Bugün TV’de yayınlanan Erkam Tufan’la Analiz programına katılan Cumhuriyet gazetesi yazarı Aydın Engin yurtdışındaki Türk okulları ile ilgili önemli açıklamalarda bulundu.

“Beni en çok etkileyen Uganda’daki okullar oldu” diyen Aydın, şunları söyledi: “ Hizmet Hareketinin müfettişlerinden uzak oradaki öğretmenlerle uzunca konuşma, gözleme imkânım oldu. Devlet el mi koyacak, devletleştirecek mi? Ajansa mı bağlayacak, neresinden bakarsanız bakın devlet memurları yerleştirilecek demektir. O iş yürümez. Çünkü bu okulların kuruluş nedeni, misyonu ne olursa olsun orada çalışanların ne kadar misyoner ruhuyla yani Türkiye’nin herhangi bir yerinde elde edebilecekleri maaşları, hatta çok daha az maaşlarla, tam bir izolasyon içerisinde, sahiden fedakarca çalıştıklarının ben dolaysız tanığıyım. O yoksulluk ülkesinde kaliteli eğitimin ne olabileceği konusunda şaşırtıcı gözlemlerim oldu. Örneğin fizik ve kimya laboratuvarlarında her çocuğun önünde bir labtop vardı.”
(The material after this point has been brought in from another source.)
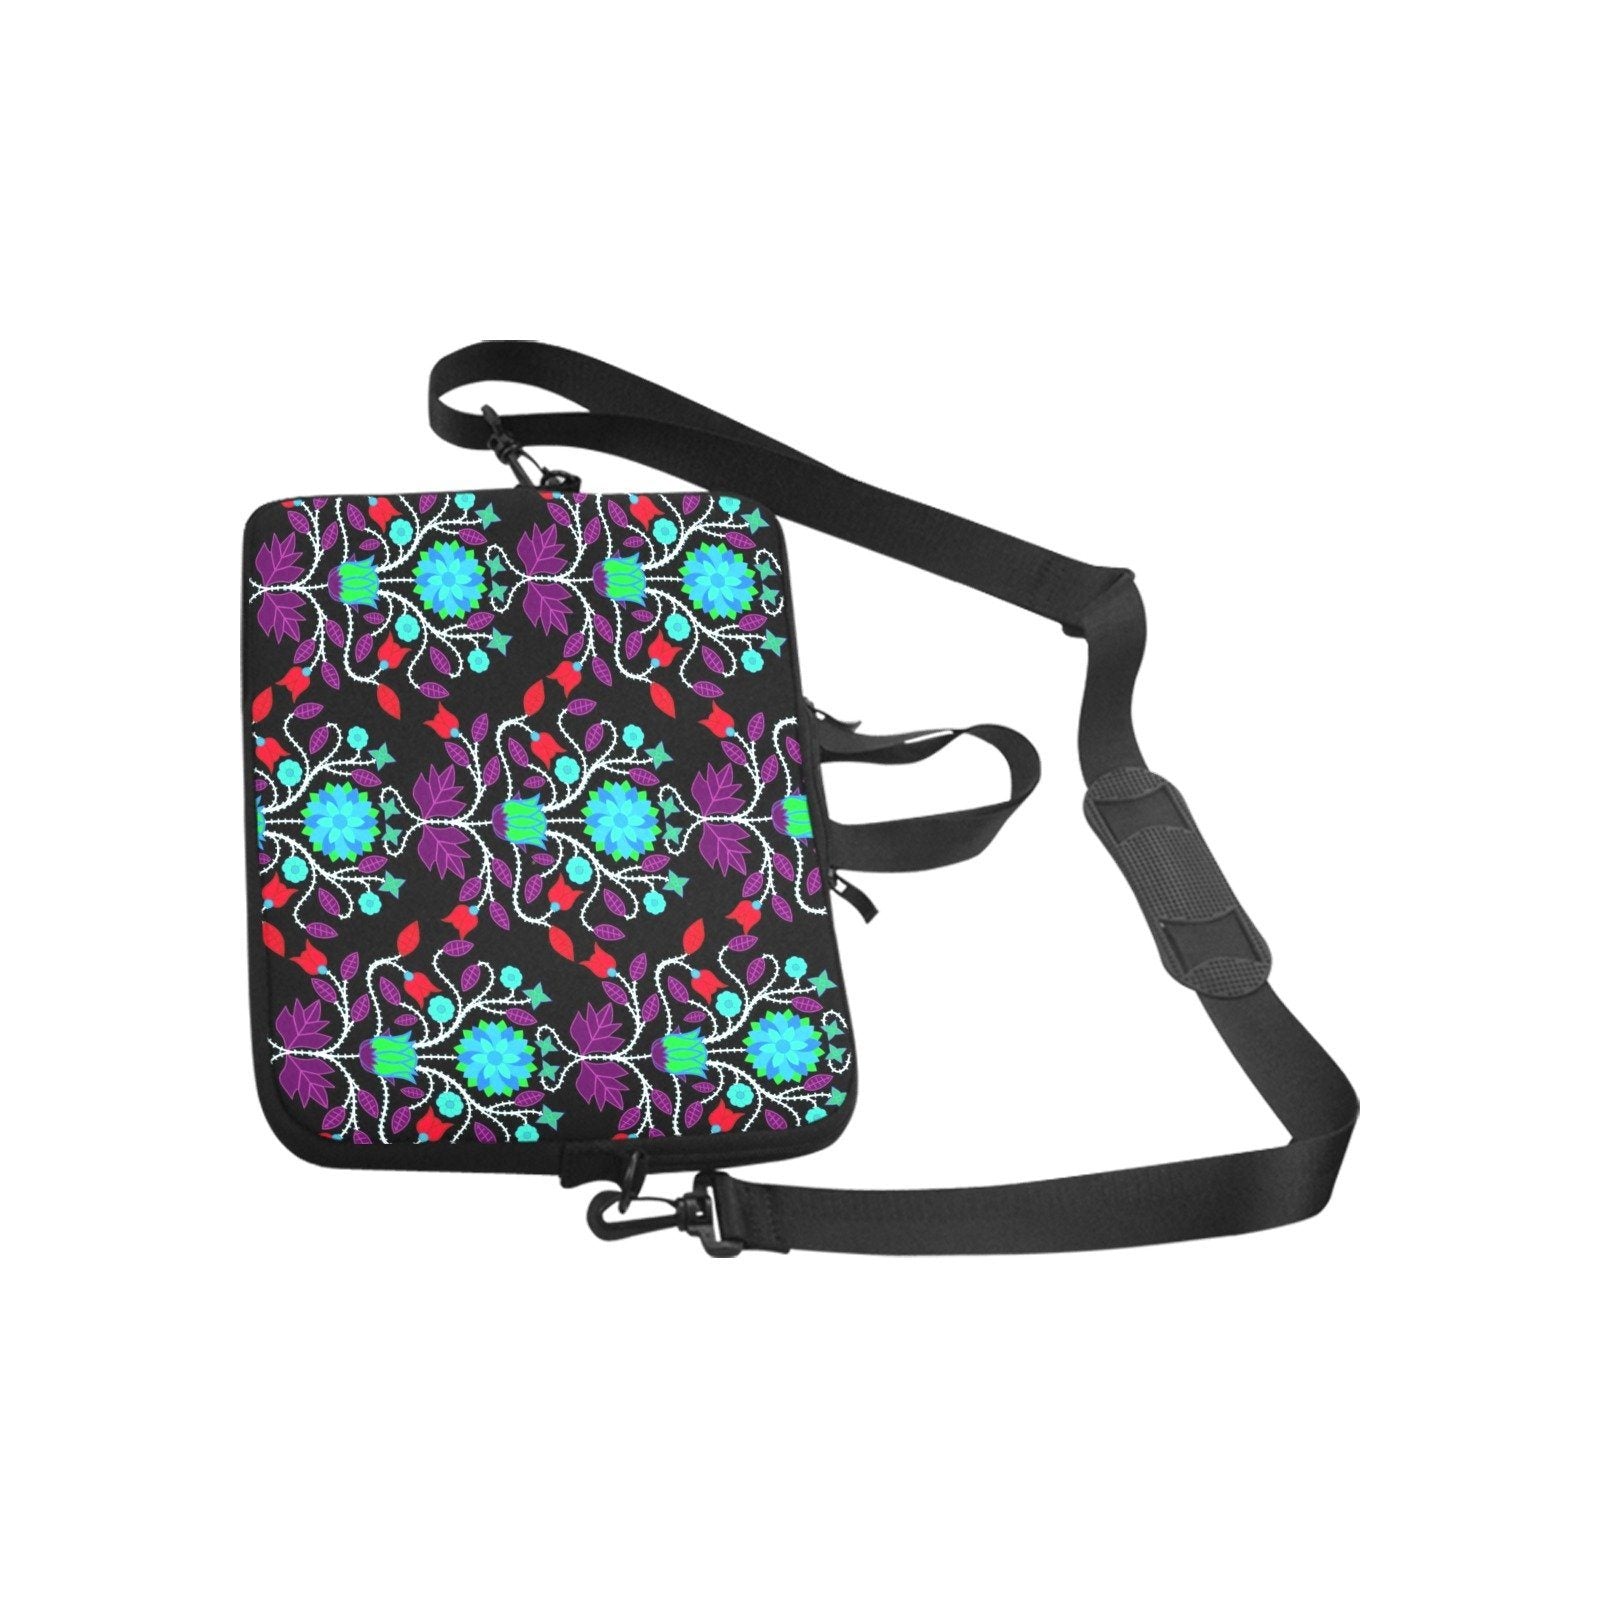 Floral Beadwork Four Clans Winter Laptop Handbags 11" bag e-joyer

Uganda’da yaşadığı bir olayı anlatan Aydın, sözlerini şöyle sürdürdü: “Orada Türk Uganda İşadamları Derneği de var. Derneğin bir yemeği oldu. O yemekte denk geldi oranın Ahlak Bakanı karşımda oturdu. Kendisi ile sohbet ettik. Artık yaşımdan mı bilemem beni Hizmet Hareketi’ni önde gelenlerinden biri olduğumu sandı. Fısıltı tonunda sizden bir ricam var dedi. Lisede kontenjan dolmuş, yeğeni için omuz verseniz de okula kaydettirelim dedi. Ülkenin bakanının o kadar kaliteli Hristiyan misyoner okulu varken Hizmet Hareketinin okuluna yeğenini sokmak için torpil araması bence iyi bir göstergedir. Oradaki öğretmenler bir şeye alet mi oluyorlar ben onu tartışmıyorum. Oradaki öğretmenler alkışlanacak özveri ile fedakarlıkla, komünist partilerin çelik çekirdeği disiplini ile değil gönüllü olarak ve şikayet etmeden görevlerini iyi yerine getirmeye çalışan gencecik arkadaşlardı.”